Results: Eleven studies met the inclusion criteria, comprising ten animal and three in vitro investigations (two studies reported both components). Evidence from porcine, bovine, and deer xPRP sources consistently demonstrated significant improvements in wound closure rates, re-epithelialization, angiogenesis, and collagen deposition compared to saline controls. Porcine xPRP, for instance, accelerated wound closure by up to 45% over controls in diabetic rodent models. However, when compared to autologous PRP, xPRP generally showed slightly inferior, though still positive, outcomes. Immunogenic responses were minimal and localized, with no systemic adverse events reported. Risk of bias assessment revealed that while most studies had clear objectives, many were at high risk of bias due to a lack of randomization, allocation concealment, and blinded outcome assessment.

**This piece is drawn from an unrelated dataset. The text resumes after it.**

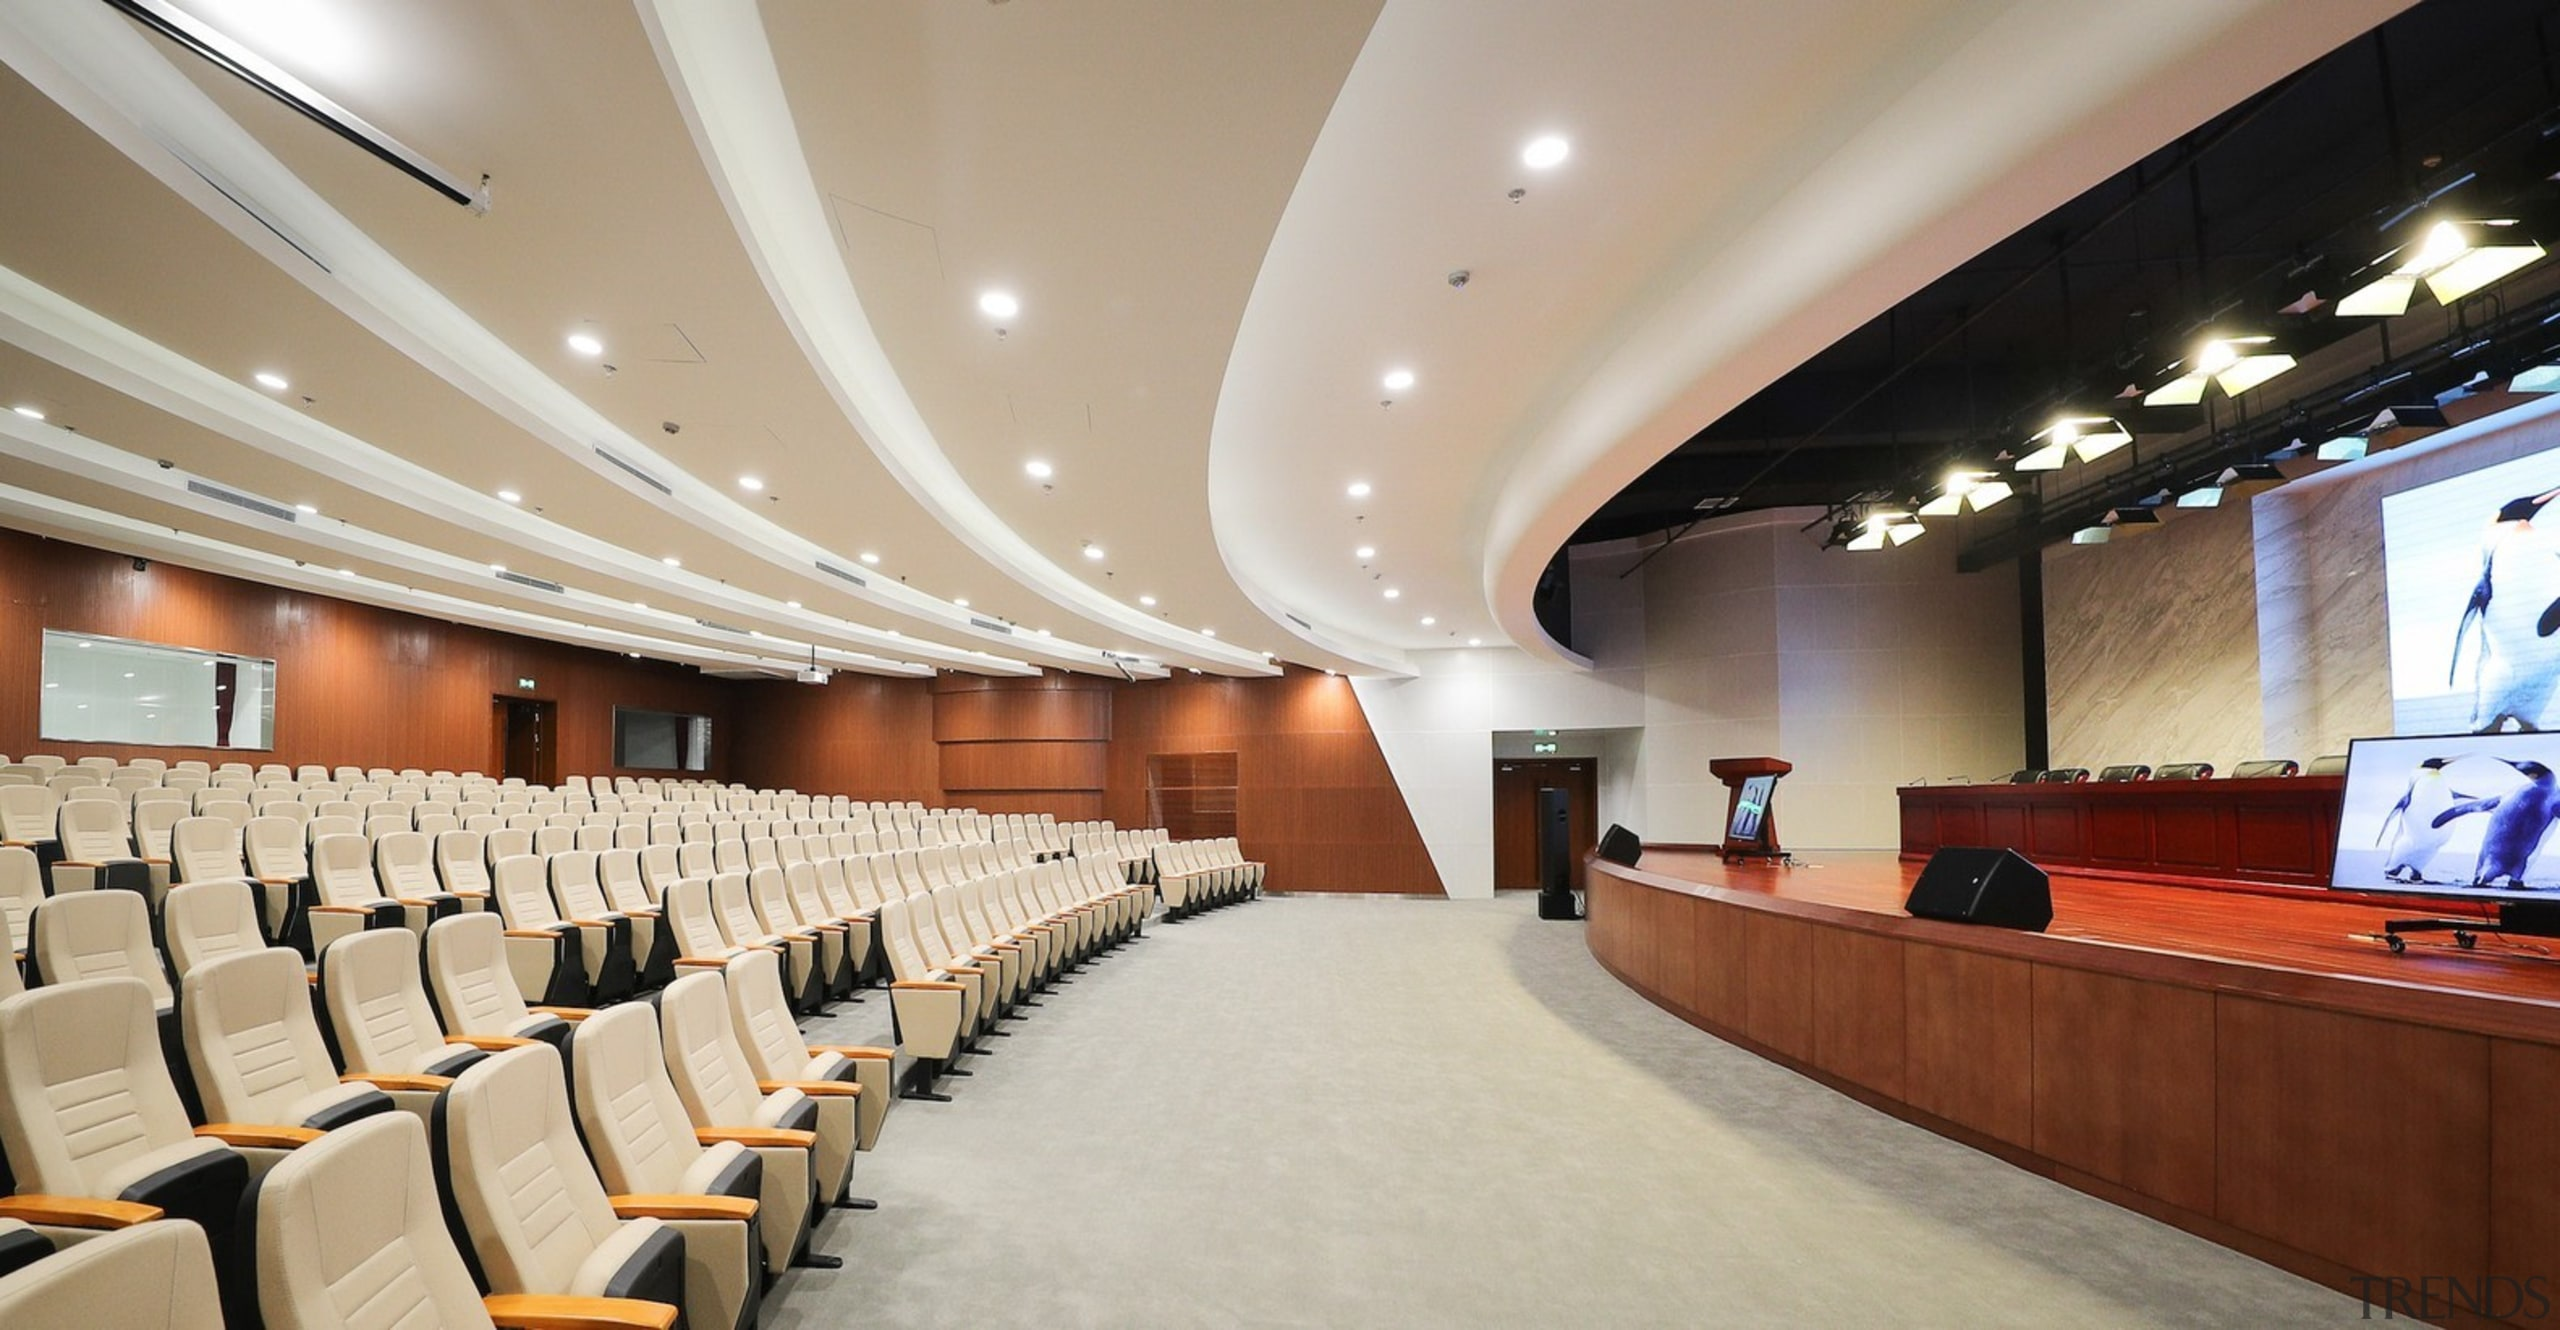 xxx - auditorium   ceiling   conference hall auditorium, ceiling, conference hall, convention center, function hall, interior design, performing arts center, gray

Conclusion: Xenogenic PRP demonstrates considerable promise as a bioactive therapeutic for wound healing, promoting key regenerative processes with a reassuring preliminary safety profile. However, the current evidence base is limited by methodological inconsistencies and a high risk of bias. Future research must prioritize standardized preparation protocols and methodologically rigorous, large-animal and human clinical trials to validate its translational potential.